This is the second part of a series of articles focused on creating tuple.co, which is a web security data gathering and analysis experiment conducted by the author. The first part covers the introduction and .htaccess setup on Apache, the second part covers scripting, and the last part covers analysis. If you would like to find out more about this, please visit tuple.co and fill in the inquiry form, or comment on this blog.
Script Setup
In the last article, we covered the objectives – security, data gathering, and analysis, and we covered a simple setup of .htaccess for Apache server. We are covering Apache in this article series and do not intend to cover other web servers, as some readers have inquired directly. In this article we will cover the scripting involved in order to gather information about users that generate suspicious HTTP error codes, and block those users from the site to prevent a repeat incident. For Tuple.co, we enabled server-side includes and chose Perl for the CGI scripting language. The reason for selecting Perl is that the author has used the scripting language on occasion and there are many available script snippets and support available throughout the web. Here is the first script to cover and the first script that all invalid HTTP requests encounter based upon the .htaccess directive, which was covered in the previous article.
#!/usr/bin/perl -wT
use CGI qw(:standard);
use CGI::Carp qw(warningsToBrowser fatalsToBrowser);
use Geo::IPfree;
use strict;
use Socket;
use FileHandle;
use File::Copy;
use Fcntl qw(:flock);
use Fcntl qw(:flock SEEK_END);
use DBI;
use LWP::UserAgent;
use HTTP::Request;
use HTTP::Headers;
use Text::CSV_XS;
use XML::Simple;
my($remip) =$ENV{REMOTE_ADDR};
my($remport) = $ENV{REMOTE_PORT};
my($ua) = $ENV{HTTP_USER_AGENT};
my($compname) = $ENV{REMOTE_HOST};
my($username) = $ENV{REMOTE_USER};
my($refer) = $ENV{HTTP_REFERER};
my($reqmethod) = $ENV{REQUEST_METHOD};
my($requri) = $ENV{REQUEST_URI};
my(@remiparr);
This part is straightforward declaration, telling Perl which modules to use, and declaring variables to be used throughout the script. Notice already how much information that you can gather on users just by using and implementing LWP::UserAgent and variables assignment, such as my($remip)=$ENV{REMOTE_ADDR}. All of these variable assignments provide for quick access to some basic user information that we can use to gather even more data (geolocation, provider, and other information) and analyze later. The reader must also understand that we are not gathering this information on all visitors to the web site, but users that generated an error code when accessing the web service or web application. The next part of the script handles search robot requests for resources that may not exist, (e.g., deleted pages) and prints friendly HTML for the robots and warning HTML for users that may have purposely generated an error code. We will skip this section of the code and move onto the code that updates the .htaccess file and blocks the user from the site by IP address.
Blocking
The ‘main’ function in the script is the writeHTML() function as commented in the code, and toward the bottom of that function, there are calls to some other functions:
...
compare_ip();
block_ip();
get_blocked();
...
These functions are listed below, and the names assigned to them describe the purpose of the function; namely, compare_ip() compare’s the current user IP address with the IP addresses already listed in the .htaccess file, so we do not write the same IP address multiple times to the same file. The block_ip() function writes the IP address to the .htaccess file as a ‘deny from’ directive so the user cannot repeat the activity that created the error. The get_blocked() function retrieves a list of currently blocked ip addresses from the .htaccess file, which in the case of Tuple.co is used to print on the front page of the web site. This function is optional and may be useful for other operations.

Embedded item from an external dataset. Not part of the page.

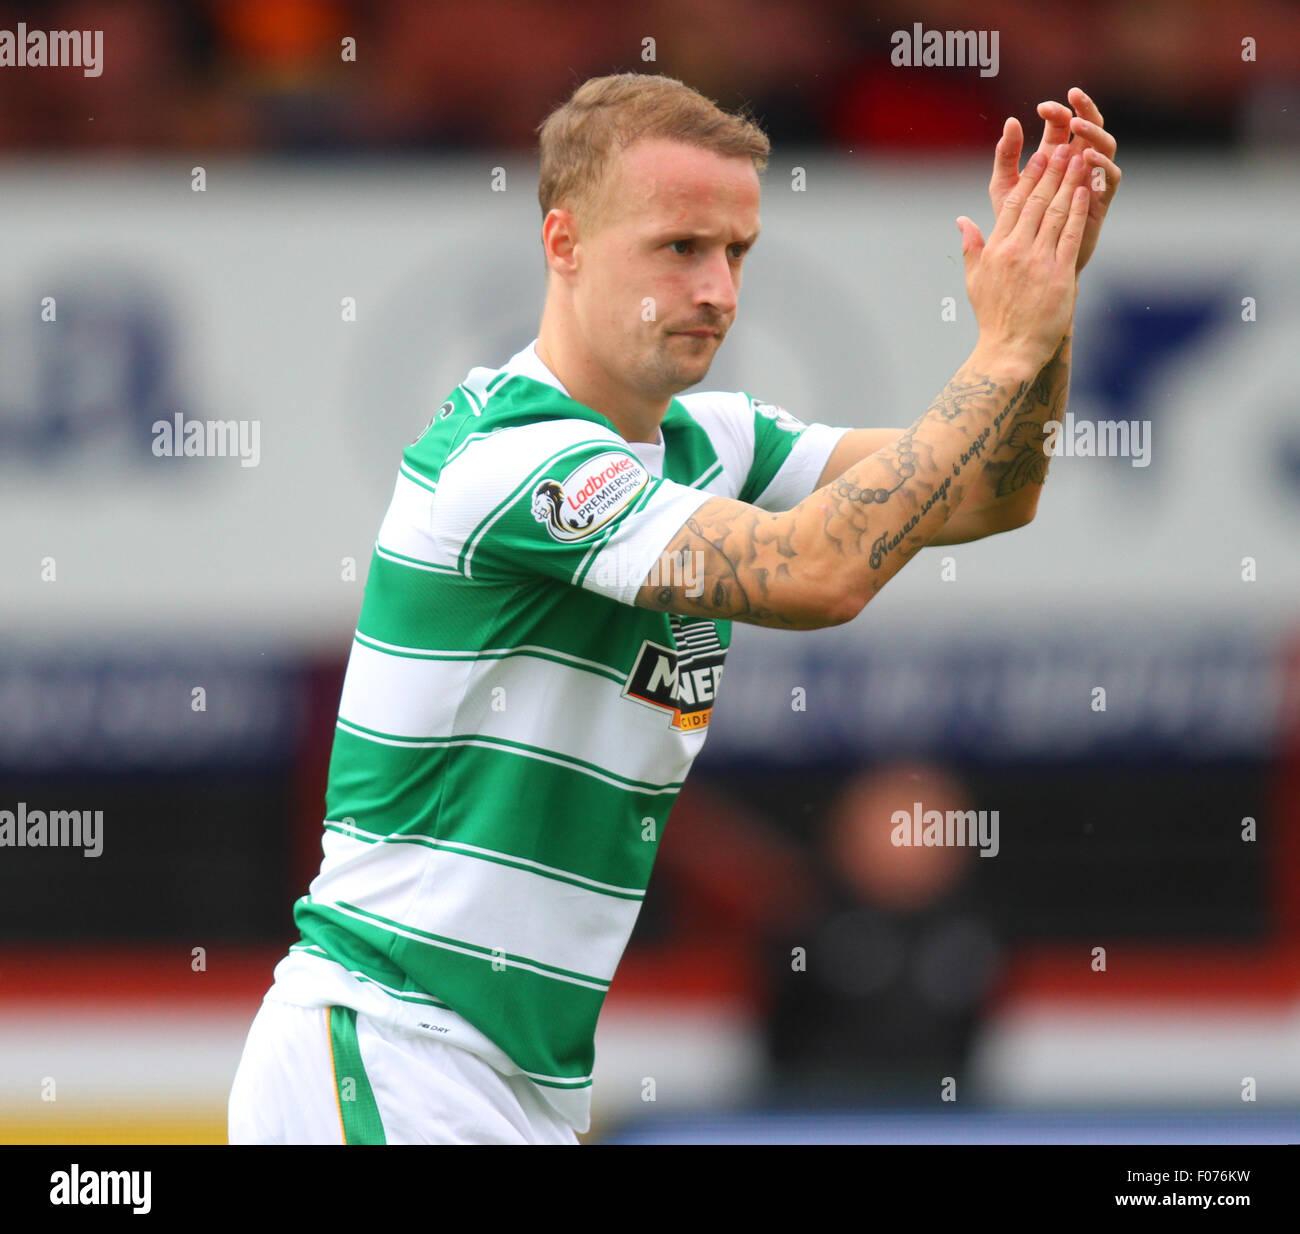 Glasgow, Scotland. 09th Aug, 2015. Ladbrokes Scottish Premiership. Partick Thistle versus Celtic. Leigh Griffiths - Stock Image

############## See if already blocked, then write IP detail ####
sub compare_ip(){
@remiparr = $remip =~ m/^(\d{1,3})\.(\d{1,3})\.(\d{1,3})\.(\d{1,3})$/;
open(my($htfile), "../.htaccess"); #Read
lock($htfile);
while(){
if(/^deny from/i){
my($ts) = substr($_, 10, length($_));
#print "$ts";
my @tsarr = $ts =~ m/^(\d{1,3})\.(\d{1,3})\.(\d{1,3})\.(\d{1,3})$/;
#print "$remiparr[0], $tsarr[0],$remiparr[1],$tsarr[1],$remiparr[2],$tsarr[2]\n";
if(($remiparr[0] eq $tsarr[0]) && ($remiparr[1] eq $tsarr[1]) && ($remiparr[2] eq $tsarr[2])){
unlock($htfile);
close($htfile);
print "returned on match.";
return 0;
}
}
}
unlock($htfile);
close($htfile);
writeipdetail();
return 0;
}
#################################################
##################### Block IP #####################
sub block_ip(){
my(@updated); #the updated file contents
my($done) = 0;
open(my($htfile), "../.htaccess"); #Read
lock($htfile);
while(){
push @updated, $_;
if(/^deny from/i && !$done){
$done++;
push @updated, "deny from $remip\n";
}
}
unlock($htfile);
close($htfile);
open(my($htfile), ">../.htaccess"); # write-over
lock($htfile);
print $htfile @updated;
unlock($htfile);
close($htfile);
}
#################################################
################ List blocked IP addresses ##############
sub get_blocked(){
open(my($htfile), "../.htaccess"); #Read
lock($htfile);
while(){
if(/^deny from/i){
# $done++;
#push @updated, "deny from $remip\n";
#push @updated, $_;
my($ts) = substr($_, 10, length($_));
print "$ts";
}
}
print "and on, and on, and....";
unlock($htfile);
close($htfile);
#print "@updated";
}
#################################################
########### Lock/Unlock Filehandle (htaccess) #############
sub lock {
my($fh) = @_;
flock($fh, LOCK_EX) or die "Cannot lock file - $!\n";
# and, in case someone appended while we were waiting...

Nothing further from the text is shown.